One thing that makes Airflow so popular is its built-in modules. There are built-in modules connecting to three major public cloud providers, as well as popular services and tools. When writing Airflow pipelines, it is always recommended to use built-in modules whenever they are available.

However, there are occasions when built-in modules cannot fulfill the requirements. Fortunately, Airflow has a plugin manager built-in that can integrate external features to its core by dropping files in your $AIRFLOW_HOME/plugins folder.

In this chapter, we will create a basic DAG that uses a custom Operator.

Firstly, let's create a HelloOperator. It inherits the BaseOperator and overrides the execute method. It also takes a parameter called operator_param.
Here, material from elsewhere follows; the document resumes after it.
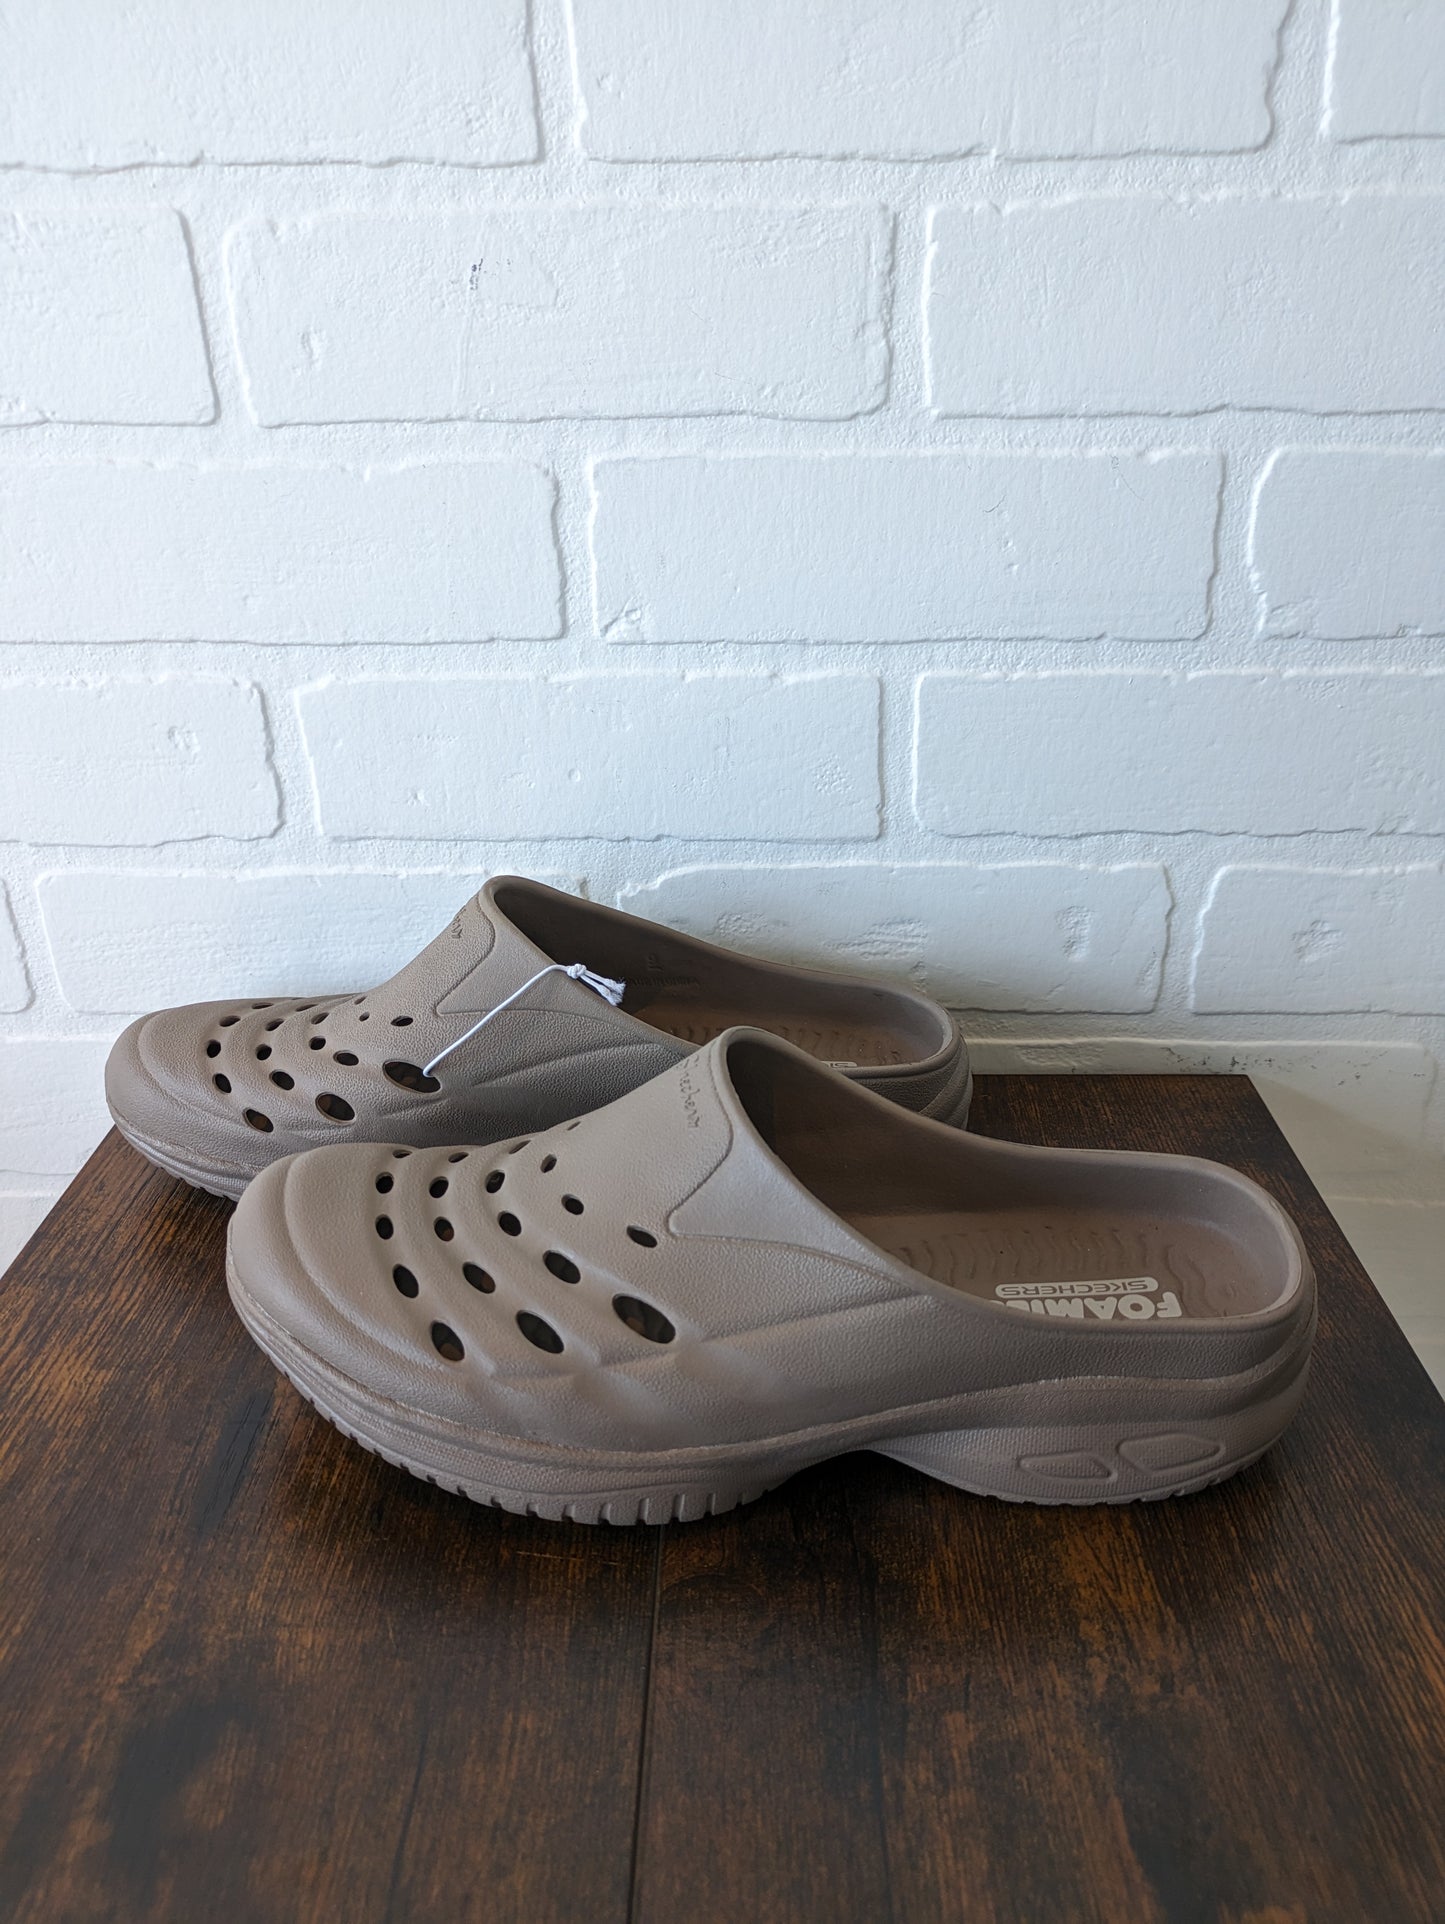 Shoes Flats Mule & Slide By Skechers  Size: 9

Create a file named hello_operator.py that contains the following code:

from airflow.models import BaseOperator
from airflow.utils.decorators import apply_defaults


class HelloOperator(BaseOperator):
    @apply_defaults
    def __init__(self, operator_param, *args, **kwargs):
        self.operator_param = operator_param
        super(HelloOperator, self).__init__(*args, **kwargs)

    def execute(self, context):
        greeting = f"Hello, {self.operator_param}!"
        self.log.info(greeting)
        return greeting

Then we can create a DAG that uses the custom operator HelloOperator.

Create a file named 8_custom_operator_dag.py that contains the following code:

from datetime import datetime
from airflow import DAG
from airflow.operators.dummy_operator import DummyOperator
from operators.hello_operator import HelloOperator


dag = DAG(
    "8_custom_operator_dag",
    schedule_interval="0 12 * * *",
    start_date=datetime(2021, 12, 1),
    catchup=False,
    tags=["custom"],
)

start = DummyOperator(
    task_id="start",
    dag=dag,
)

hello = HelloOperator(
    task_id="hello",
    operator_param="composer tutorial",
    dag=dag,
)

end = DummyOperator(
    task_id="end",
    dag=dag,
)

start >> hello >> end

To run this DAG in Cloud Composer, the custom Operator file needs to be uploaded to the $AIRFLOW_HOME/plugins folder. In the context of Cloud Composer, it is the plugins folder under the Cloud Storage bucket.

Composer plugin folder

Finally, we can run the DAG. From the log, we can see that it successfully logs the information.

Custom operator DAG